NIVIDA announced availability of the the Titan V card Friday December 8th. We had a couple in hand for testing on Monday December 11th, nice! I ran through many of the machine learning and simulation testing problems that I have done on Titan cards in the past. Results are not the near doubling in performance of past generations… but read on.

NVIDA has set high expectations with it’s incredible performance leaps with past generation updates to the Titan. My initial tests with the Titan V are not showing that large performance gain of the past. I am optimistic that I’ll be able to better exploit the unique features of the card after I spend more time with it. There is no doubt that this is the best desktop “video card” available and it has already shown surprisingly good results on the desktop in areas where it wasn’t really expected to excel. I feel that it is a bargain for $3000 since it is basically an active cooled, desktop system compatible, video card that has most of the same features as the Tesla V100. However, it is no secret that the GeForce 1080Ti and the Titan Xp cards offer fantastic (single precision) compute performance at a significantly lower cost.

I’ll start with a description of the test setup followed by testing results and comments about the performance.


Testing the Titan V against Titan Xp

I’m not going to go over all of the spec details and press release info. There is plenty of that scattered all over the web. I’m just going to run some compute jobs on the Titan V and report the results.

Test set-up (Puget Systems Peak Mini)

I did most of my testing using NVIDIA built docker images. The NGC docker registry is now available for local desktop use. You will need to be a registered NVIDIA developer to receive an API key to access the NGC docker registry. I highly recommend it!

Note: I will be doing an updated series of posts in early 2018 on how to install, configure, and use docker and NVIDIA docker on your desktop system. That will be a refresh of my earlier series on this topic and will utilize version 2 of NVIDIA docker and will discus use of the NCG docker registry.

Tested applications,


CUDA nbody and NAMD Molecular Dynamics Simulation.

The first thing I do when I get a new NVIDA card is to setup a CUDA development environment and compile the included samples. Then I run nbody as a benchmark. This is a classical physics, many-body force (gravity) calculation. The second test job I like to run is a molecular dynamics calculation on the million atom “satellite tobacco mosaic virus a.k.a. stmv” using NAMD. These are both challenging mathematical compute applications and have excellent GPU acceleration.

CUDA nbody and NAMD on Titan V and Titan Xp

CUDA 9.1 nbody , NAMD 2.12
nbody -benchmark -numbodies=256000
namd-multicore-memopt +p16 +setcpuaffinity +idlepoll stmv.namd
Card nbody single precision GFLOP/s NAMD run time (sec) NAMD day/ns
Titan V (Volta) 7159 (9107)* 24.6 0.480
Titan Xp 8409 (7600)* 25.8 0.525

Notes:

  • If I did not specify “-numbodies” the results in parentheses were obtained!
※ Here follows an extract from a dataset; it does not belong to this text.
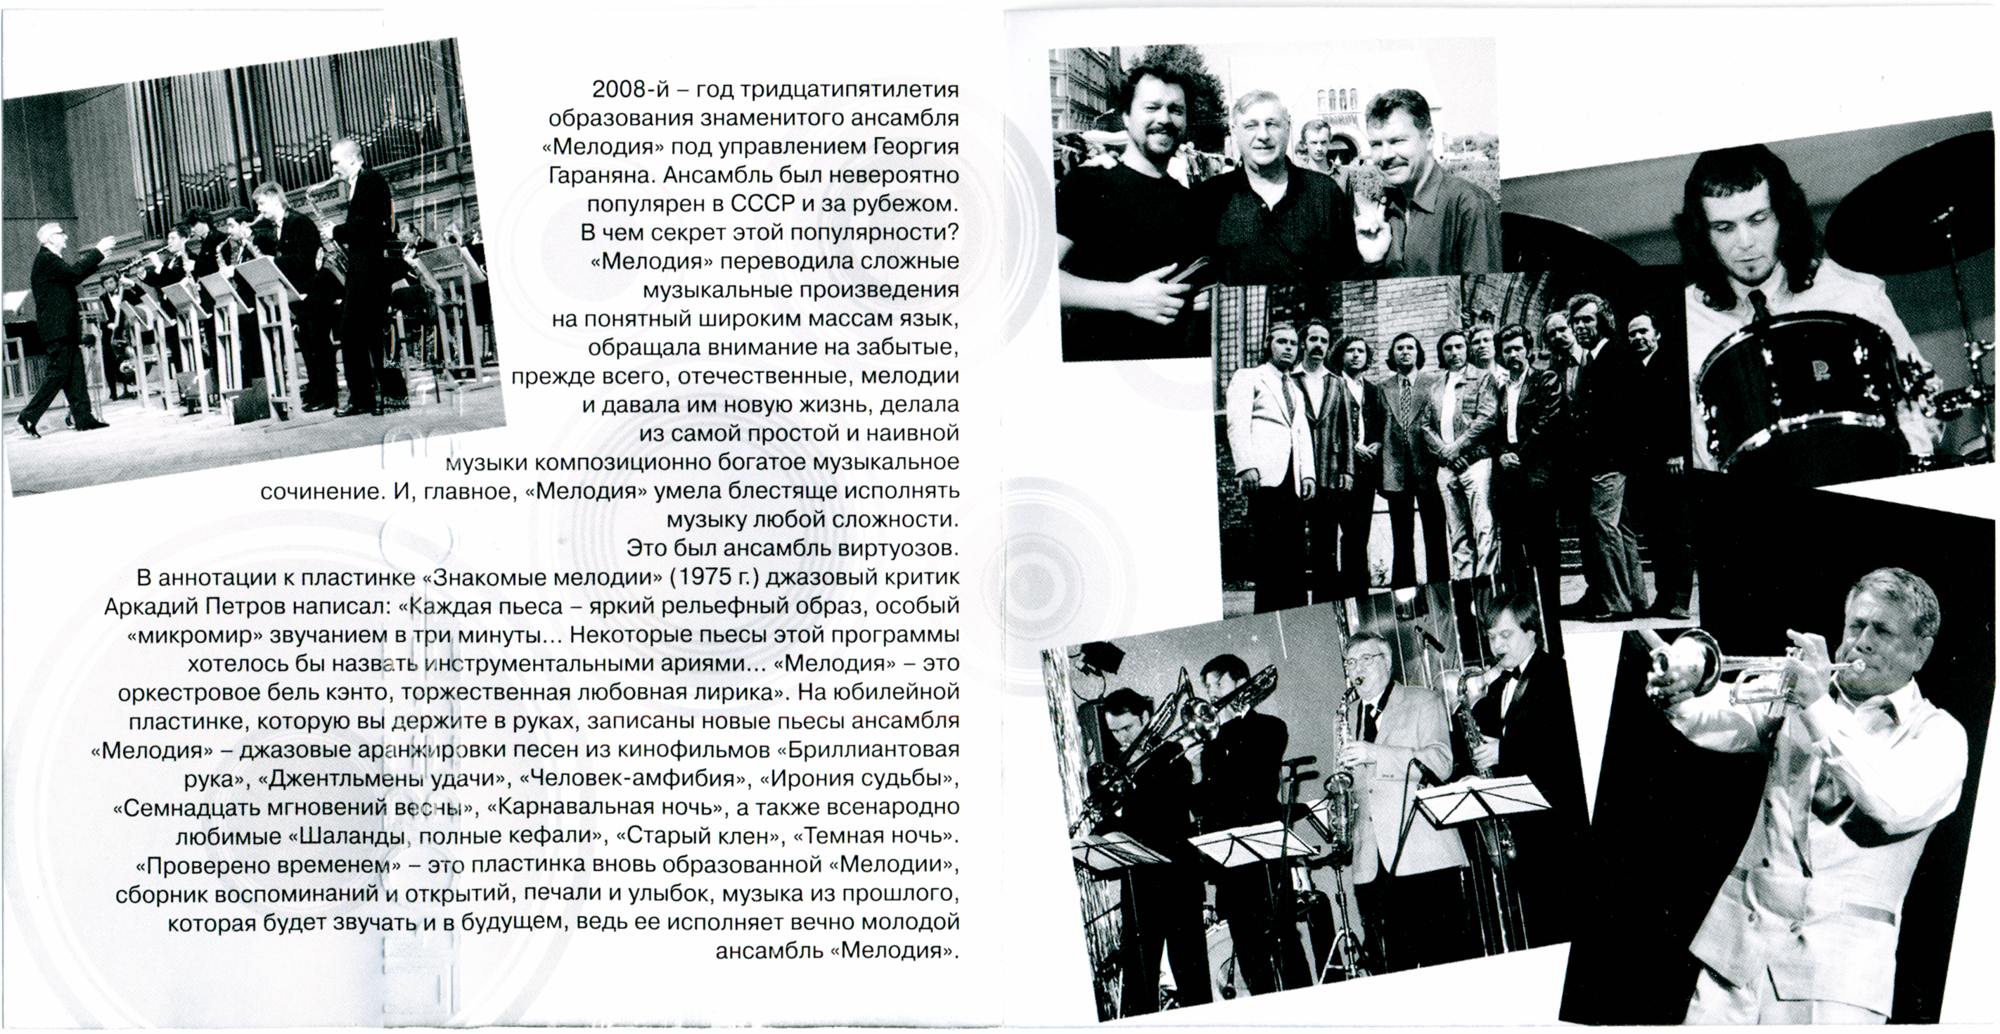 Георгий Гаранян и ансамбль "Мелодия". Проверено временем

That was 81920 bodies for the Titan V case. That’s significantly better for Titan V and I’m not sure why.

  • For NAMD the number that is most meaningful is day/ns, smaller is better. (that’s how much of a day it takes to simulate 1 nano-second)
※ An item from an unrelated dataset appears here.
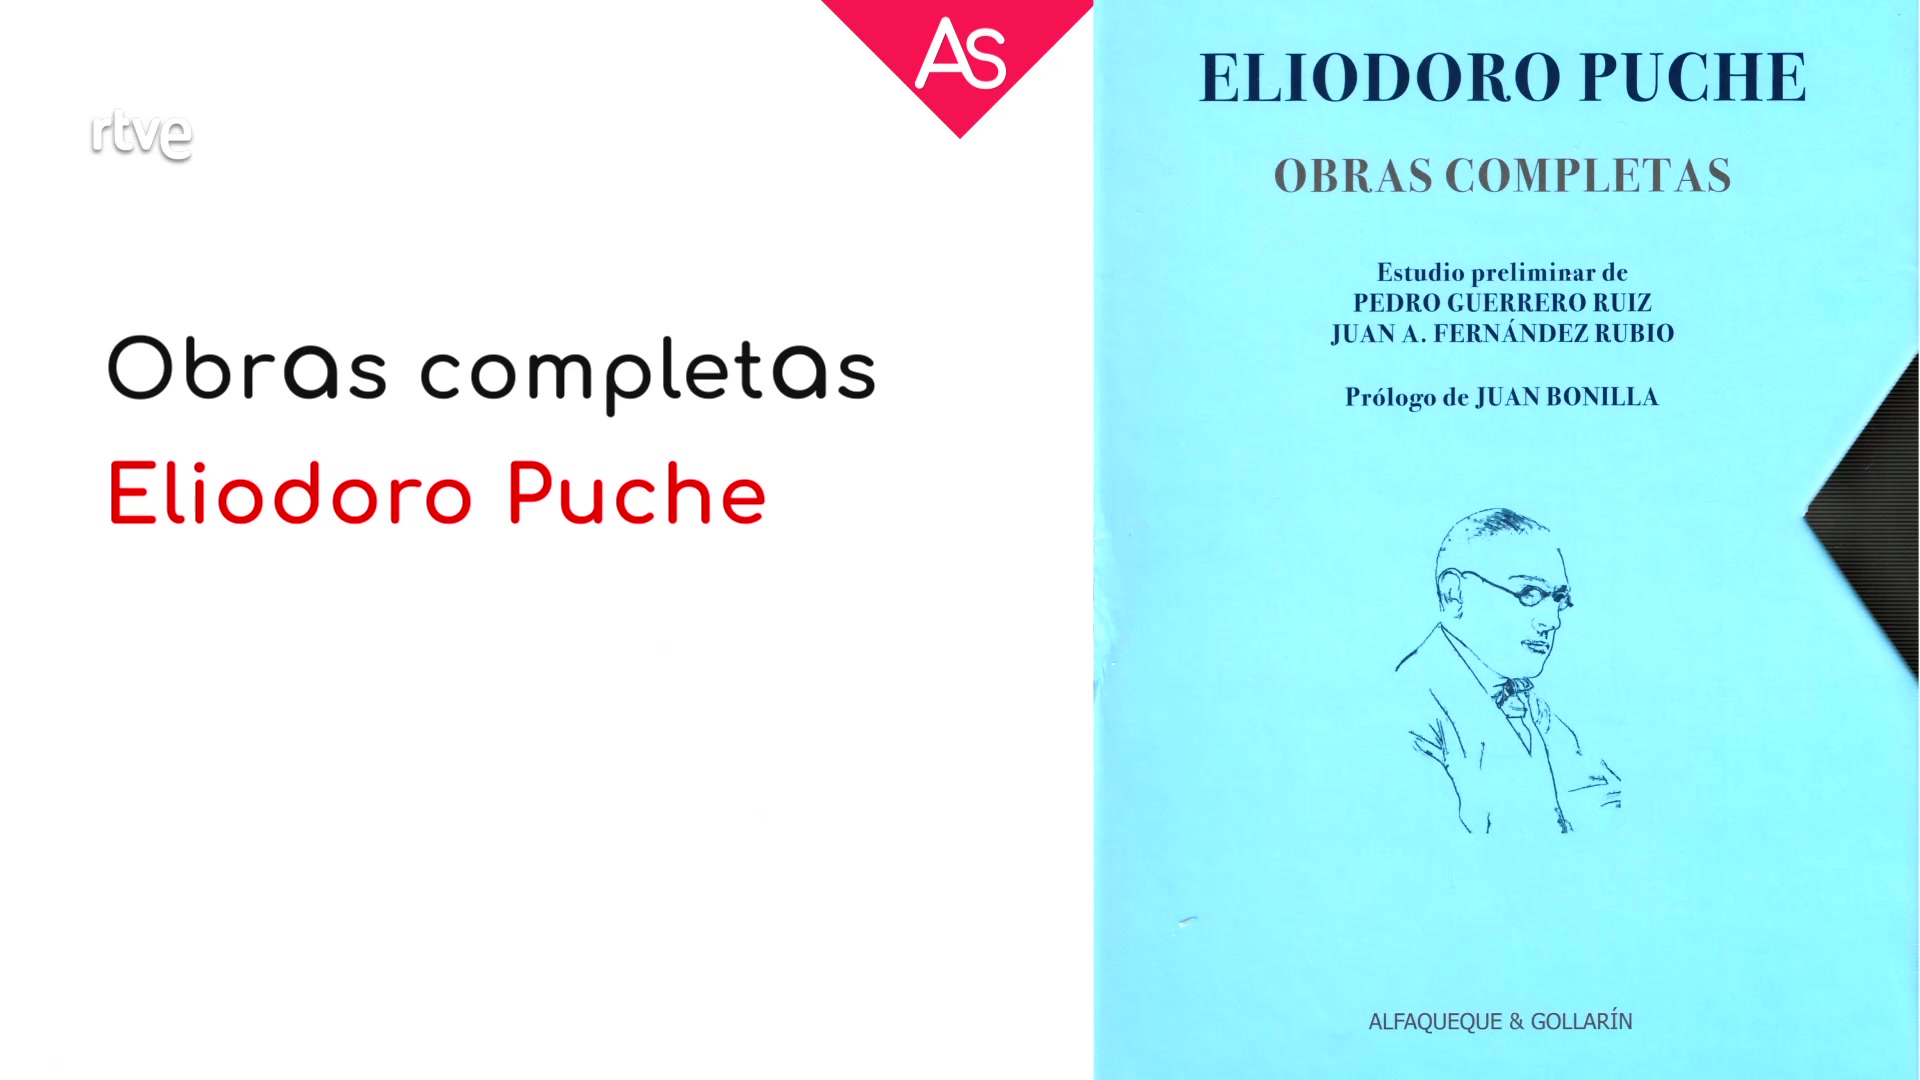 Ir al Video La aventura del saber - Reseñamos las obras completas del poeta Eliodoro Puche

  • For nbody I did runs using CUDA 9.1 installed directly on the machine I was using and compared with job runs using the NVIDA CUDA 9.0 dev docker image from the NGC repository, results were essentially the same for both.
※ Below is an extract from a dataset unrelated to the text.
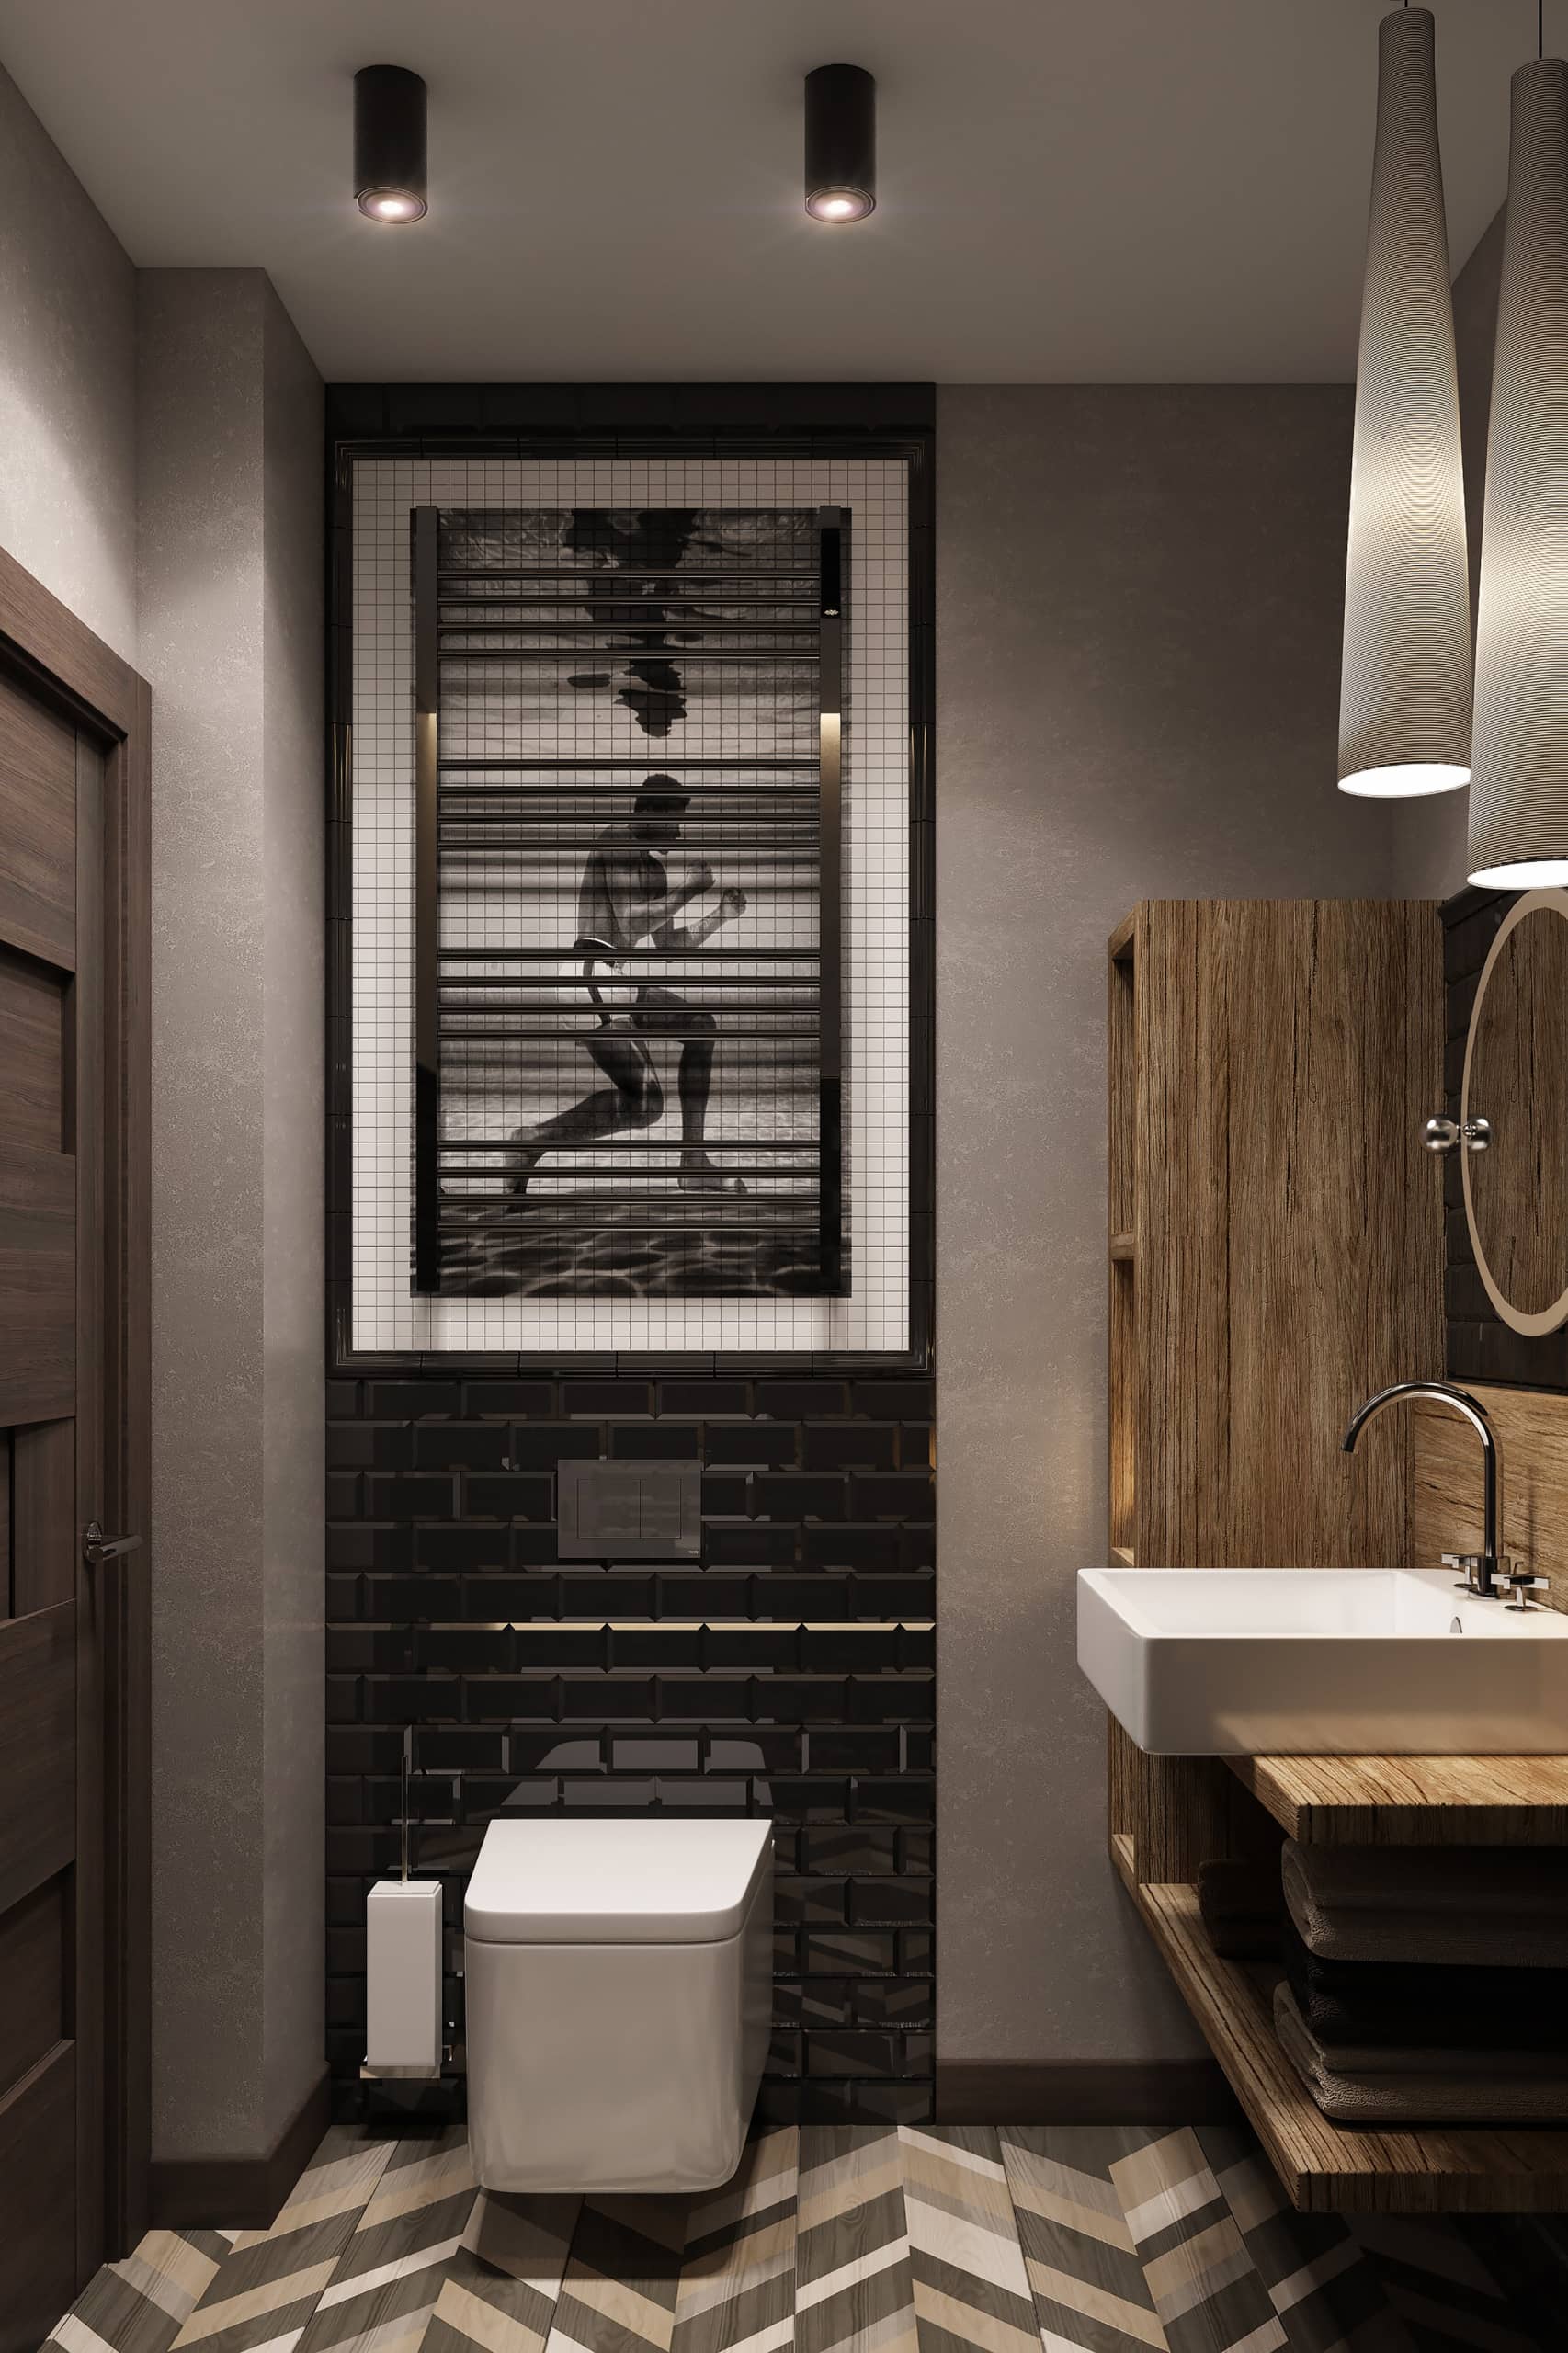 Чёрно-белая мозаика в виде боксёра для современной ванной комнаты

  • NAMD was run using the NIVIDA docker image in the NGC repository.

Old Results from my “NVIDIA Titan GPUs (3 generations)” post

Card nbody single precision GFLOP/s NAMD run time (sec) NAMD day/ns
Titan X (Pascal) 7507 41 0.570
TITAN X (Maxwell) 4292 55 0.889
Titan Black 2302 81 1.460

I included this table of results from a post I did a bit over a year ago. That was CUDA 8.0rc and an older version of NAMD. That table illustrates the remarkable performance gains of past generations of Titan. I’m not completely sure what to think of the nbody result for the Titan V. nbody is not necessarily a “good” benchmark but it served well to show the relative performance in the past. The Titan V results for NAMD are very good but not dramatically so. NAMD can be CPU bound, however, I did check results with fewer CPU cores and got nearly the same results.

The Titan V did well on these tests but it was not the astoundingly better performance that we have seen in the past.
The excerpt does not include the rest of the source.